• The input
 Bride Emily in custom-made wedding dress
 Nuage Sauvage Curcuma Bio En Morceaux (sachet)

* * *

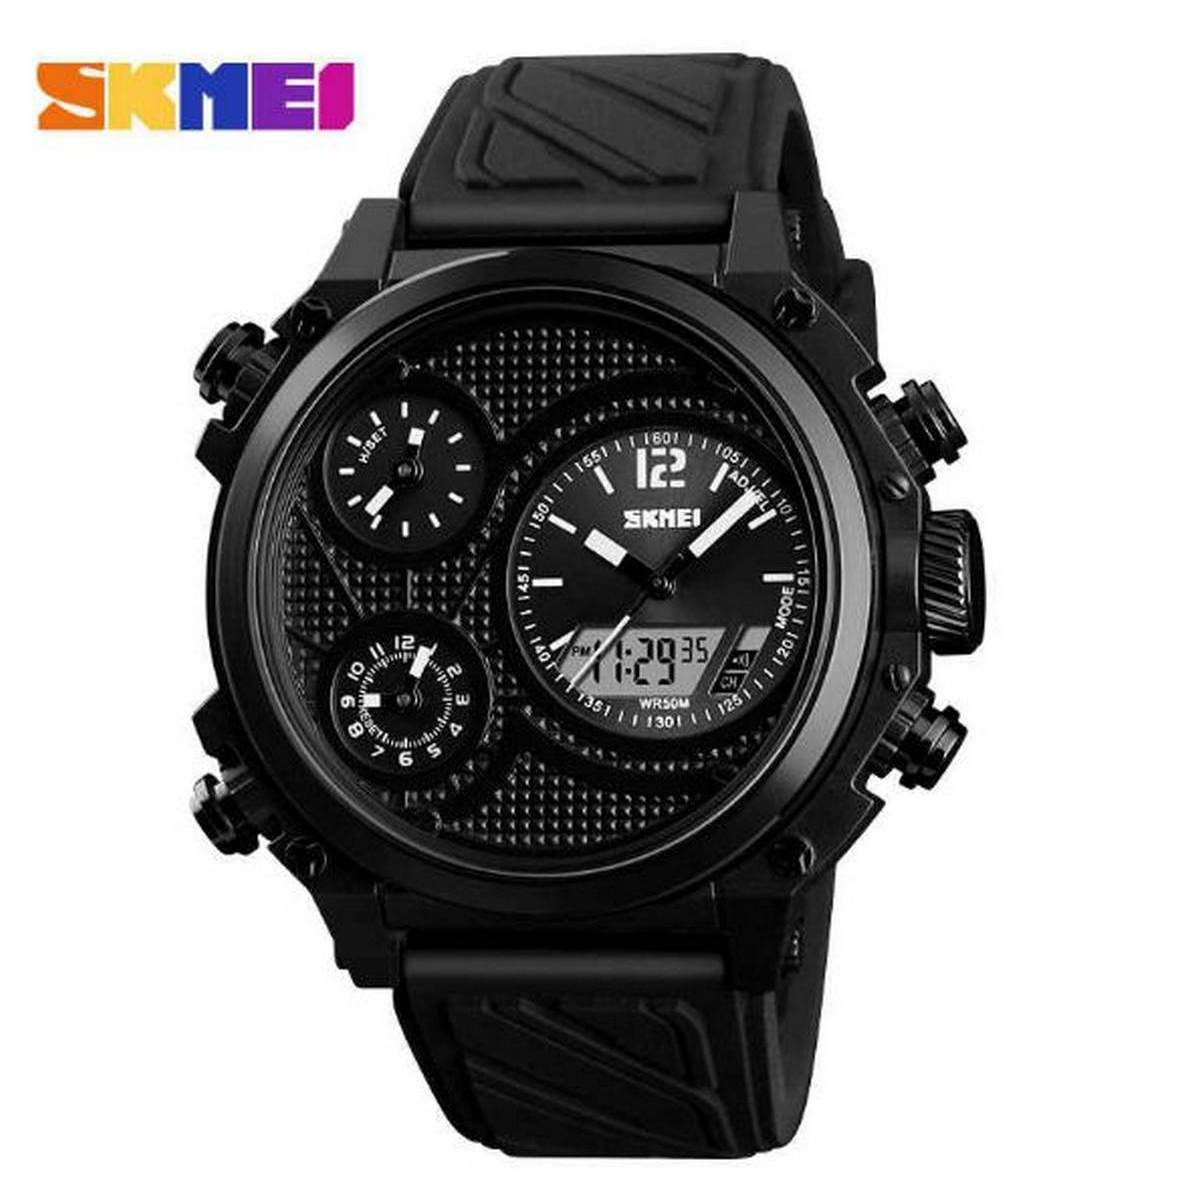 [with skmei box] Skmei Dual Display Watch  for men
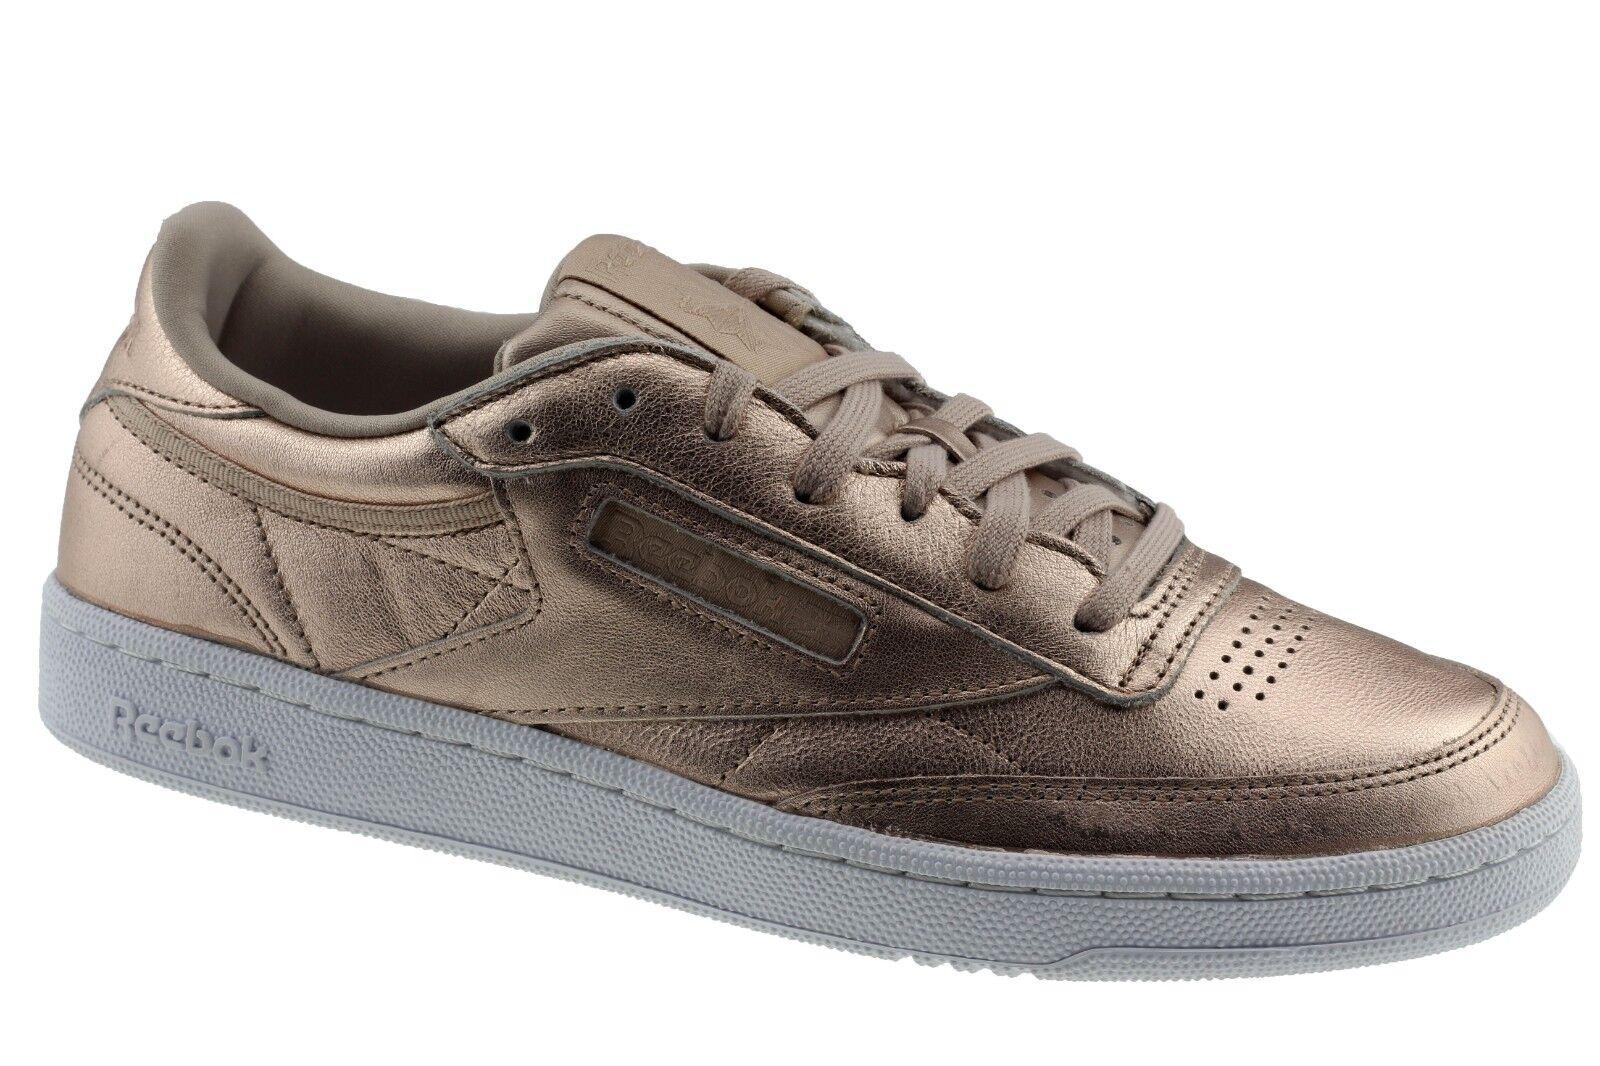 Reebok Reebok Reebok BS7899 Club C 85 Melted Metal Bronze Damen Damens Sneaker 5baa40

• Task instructions
Exactly the lines above, from the one containing "[with skmei box]" down to the one containing "Reebok Reebok Reebok", are to be repeated, including both ends. Pictures are not part of the copy.

• Solution to the exercise
 [with skmei box] Skmei Dual Display Watch  for men
 Reebok Reebok Reebok BS7899 Club C 85 Melted Metal Bronze Damen Damens Sneaker 5baa40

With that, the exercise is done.